Evrende iki gurup oluşum vardır: Birinci gurupta renkler ve sesler; ikinci gurupta ise zıtlık ve birlik vardır...
Şiyar Amed
Ana dil günü olan 21 Şubat günü JİYAN TV’de yayımlanan KEZİ programında Kürt kadınlarının şehriye kesmesi konu edilmişti. Dil kadar önemli bir konu.
Öncelikle JİYAN TV ve programın emekçilerini kutlamak gerekiyor. Çünkü toplumsal kültür ve gelenekler tehdit altındayken bu tür programlar kültürel soykırıma karşı bir duruştur, bir renktir, bir sestir. Benzer programlar diğer bazı televizyonlarda da bulunmaktadır.
Şehriye kesilmesinde yerel ve evrensel olanı aramak ilginç olabilir. Burada nasıl bir yerellik veya evrensellik vardır? Yerel mutfak kültürü ile ekonominin yaratıcısı kadının emek ve üretkenliği burada yerel ve evrensel değeri ifade etmektedir. Dahası renkler ve seslerin yaşatılmasını anlatmaktadır. Tıpkı yöresel kıyafetler ve müzik gibi.

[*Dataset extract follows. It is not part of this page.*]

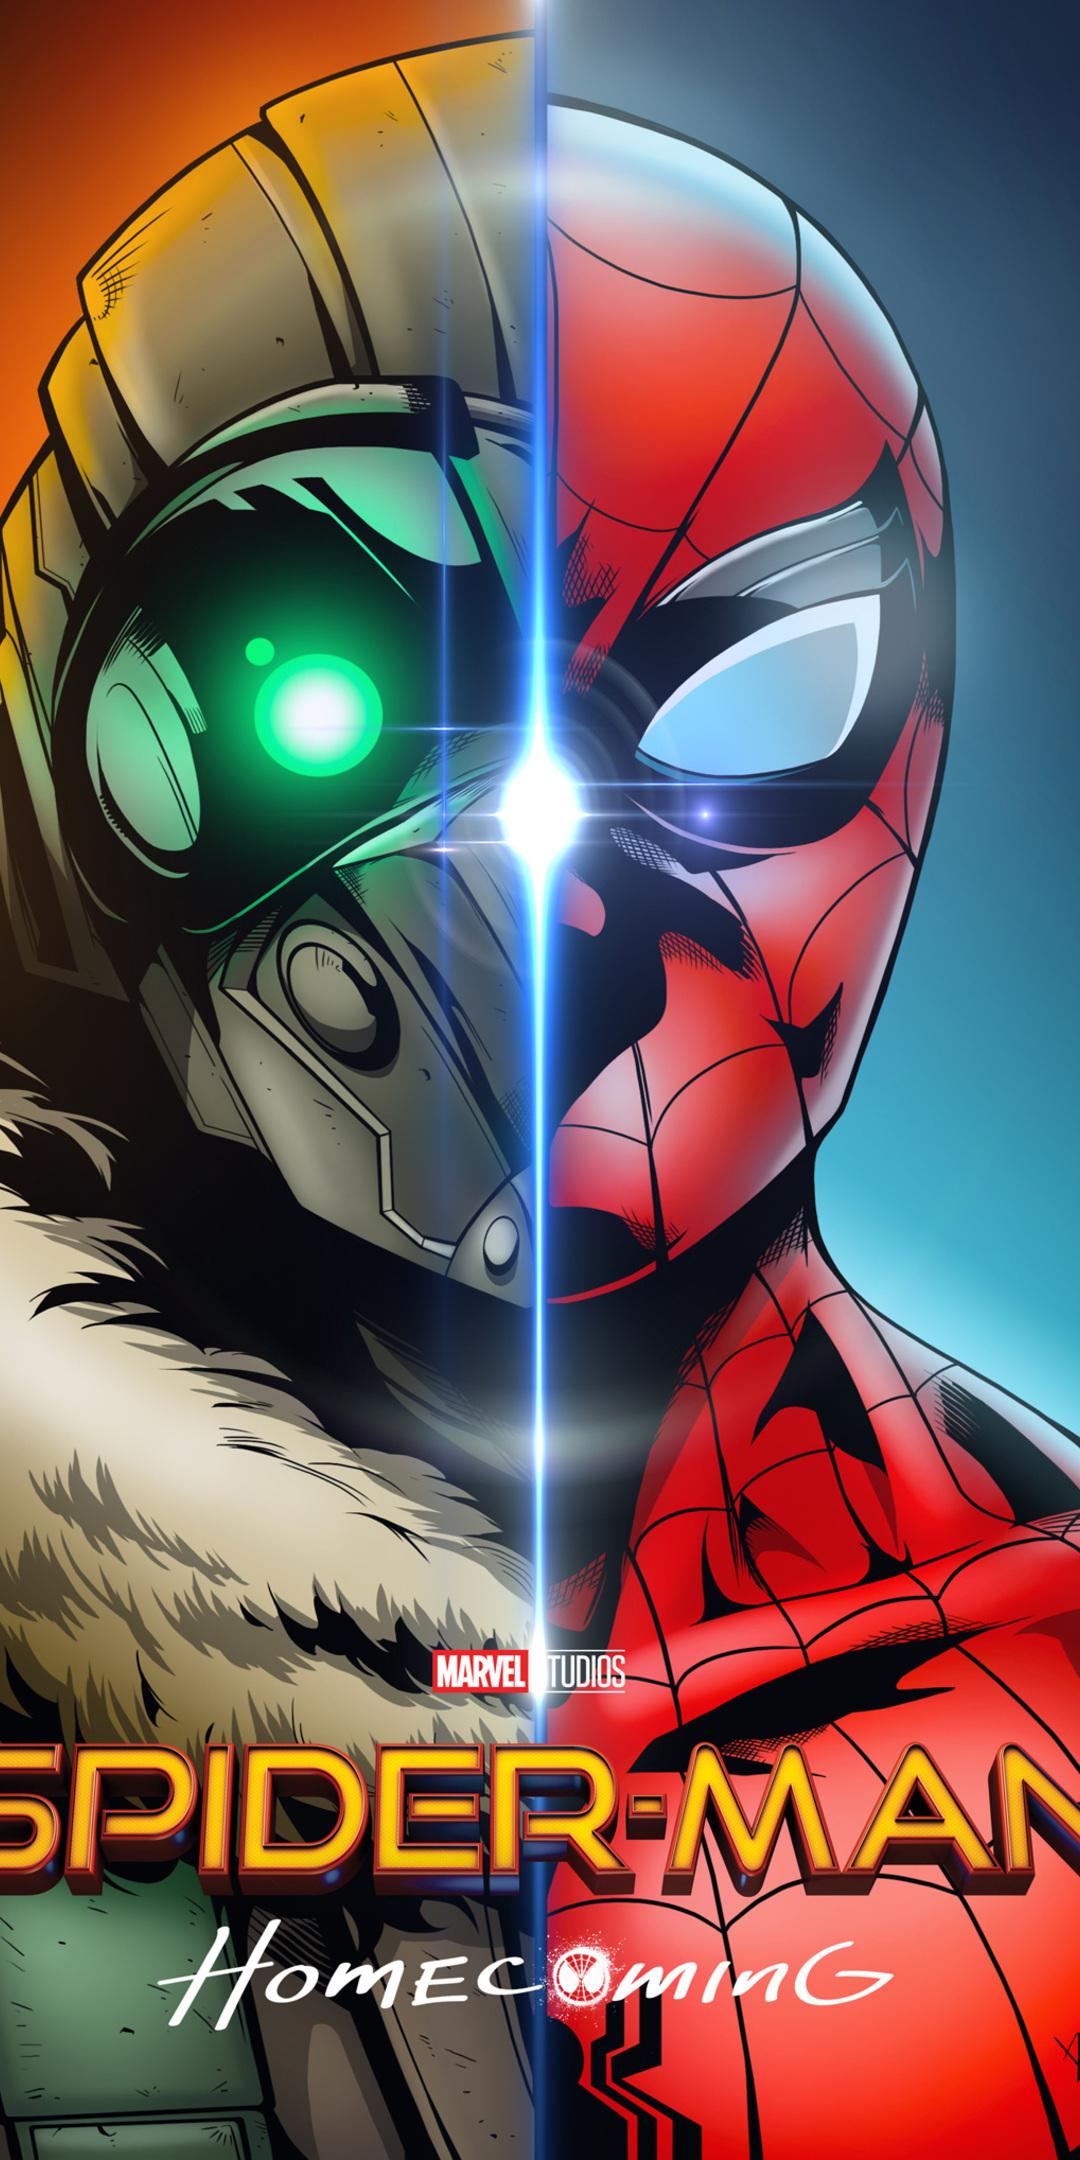 spider-man-homecoming-art-fn.jpg

Yerel değerler unutularak-unutturularak yabancılaşma gerçekleşir; tersinden aşırı yüceltilerek içe kapanmacı, milliyetçi duruma düşülebilir mi? Evet, bu tehlike liberalizm sayesinde vardır. Fakat yerel olanın evrenselle bağlantısı kurulduğunda orada yerel ve evrensel olan iç içe geçer; insanlık değeri haline gelir.

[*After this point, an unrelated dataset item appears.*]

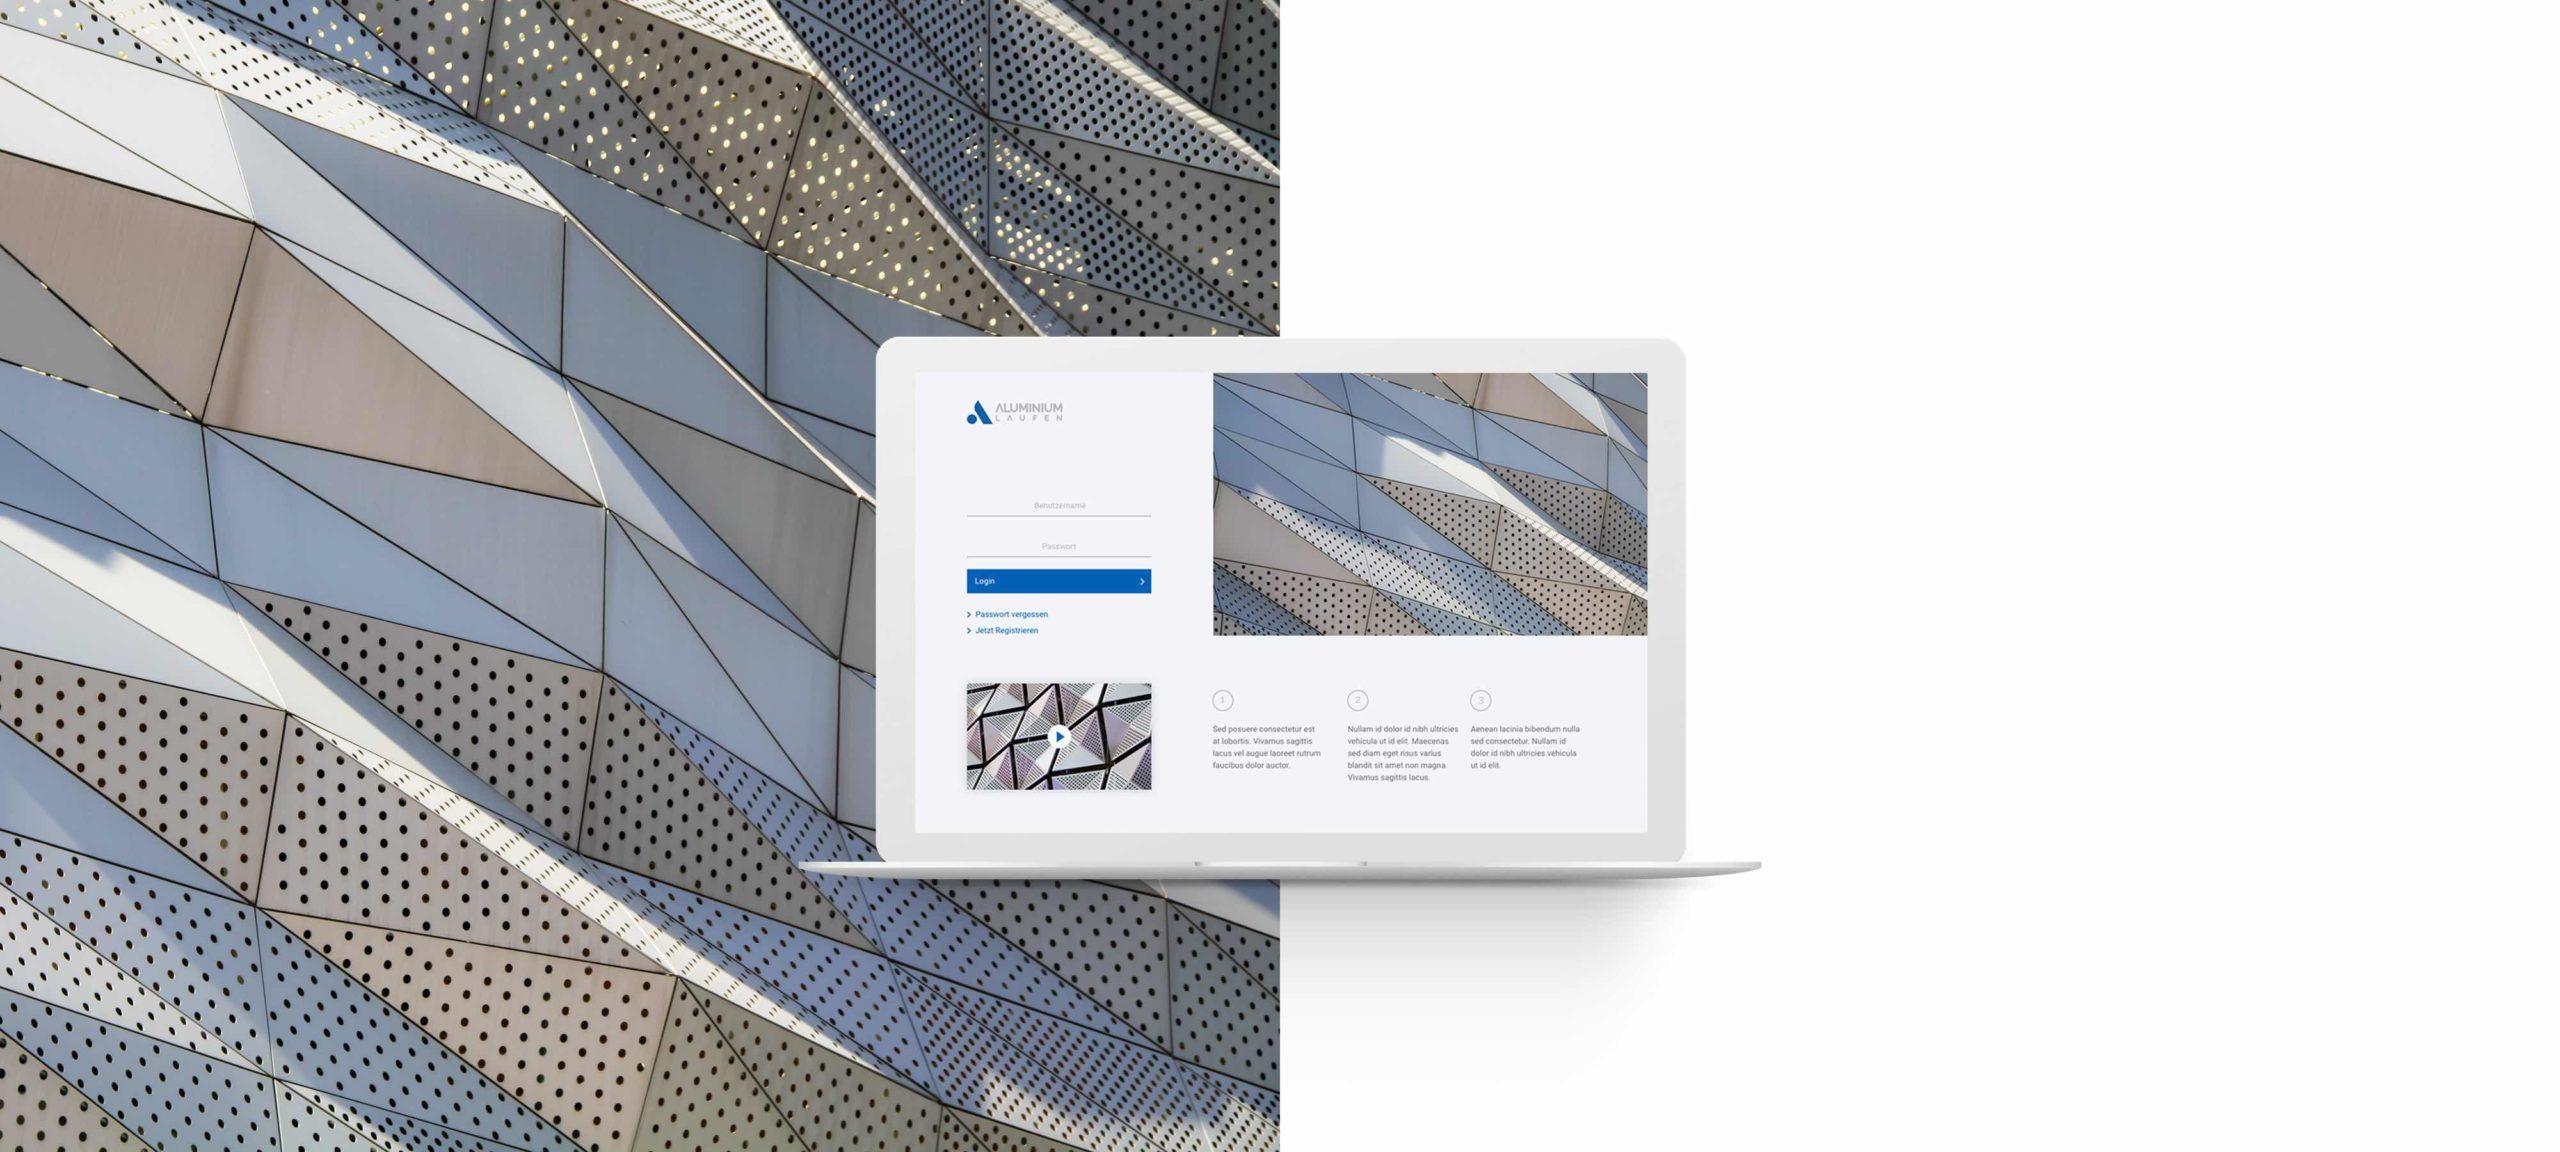 Aluminium Laufen Website visualisiert auf einem Laptop

Öz kültüründen koparıldığı gibi insanlık kültüründen de uzaklaştırılan bir toplum ancak köle olarak adlandırılabilir. Köleleştiren de köle edilen kadar köledir. Özgürlük ise, farklılık ve özgür tercih temelinde karşılıklı kabulden doğar. Farklılığı ve tercihte bulunma iradesini ortadan kaldıran bir sistem tüm evreni kendi zihniyetinde öldüren bir sistemdir. Bunlara, evren katili veya evrensel cinayet şebekesi adı verilebilir.
Evrende iki gurup oluşum vardır: Birinci gurupta renkler ve sesler; ikinci gurupta ise zıtlık ve birlik vardır, çelişki ve uyum da denilebilir. Renklerimiz ve sesimiz yasaklanmış, birlik ve uyum hayal haline getirilmişken geriye sadece zıtlık, çelişki, çatışma kalmıştır.
Bir insan veya toplum için, tüm evrenin çatışmadan ibaret olması nasıl bir duygudur? Yerelde çatışma, evrende çatışma, gece çatışma, gündüz çatışma, acı, keder, ıstırap, azap…
Böyle bir yaşam olamaz. Yaşamın sevinçleri, üzüntüleri, sızıları hep olacaktır fakat sadece acıdan ibaret olursa o yaşama yaşam denilemez. Bazı felsefelerde vardır; dünyayı salt acıdan ibaret görürler. Böyle bir dünya nasıl yaşanabilir ki? Tam da burada yaşamın parçalanmışlığına karşı insan iradesi girer devreye. İradeli olmak, dünyayı bir sanat atölyesi gibi ele almaktır. Yaşam o zaman yaşanabilir.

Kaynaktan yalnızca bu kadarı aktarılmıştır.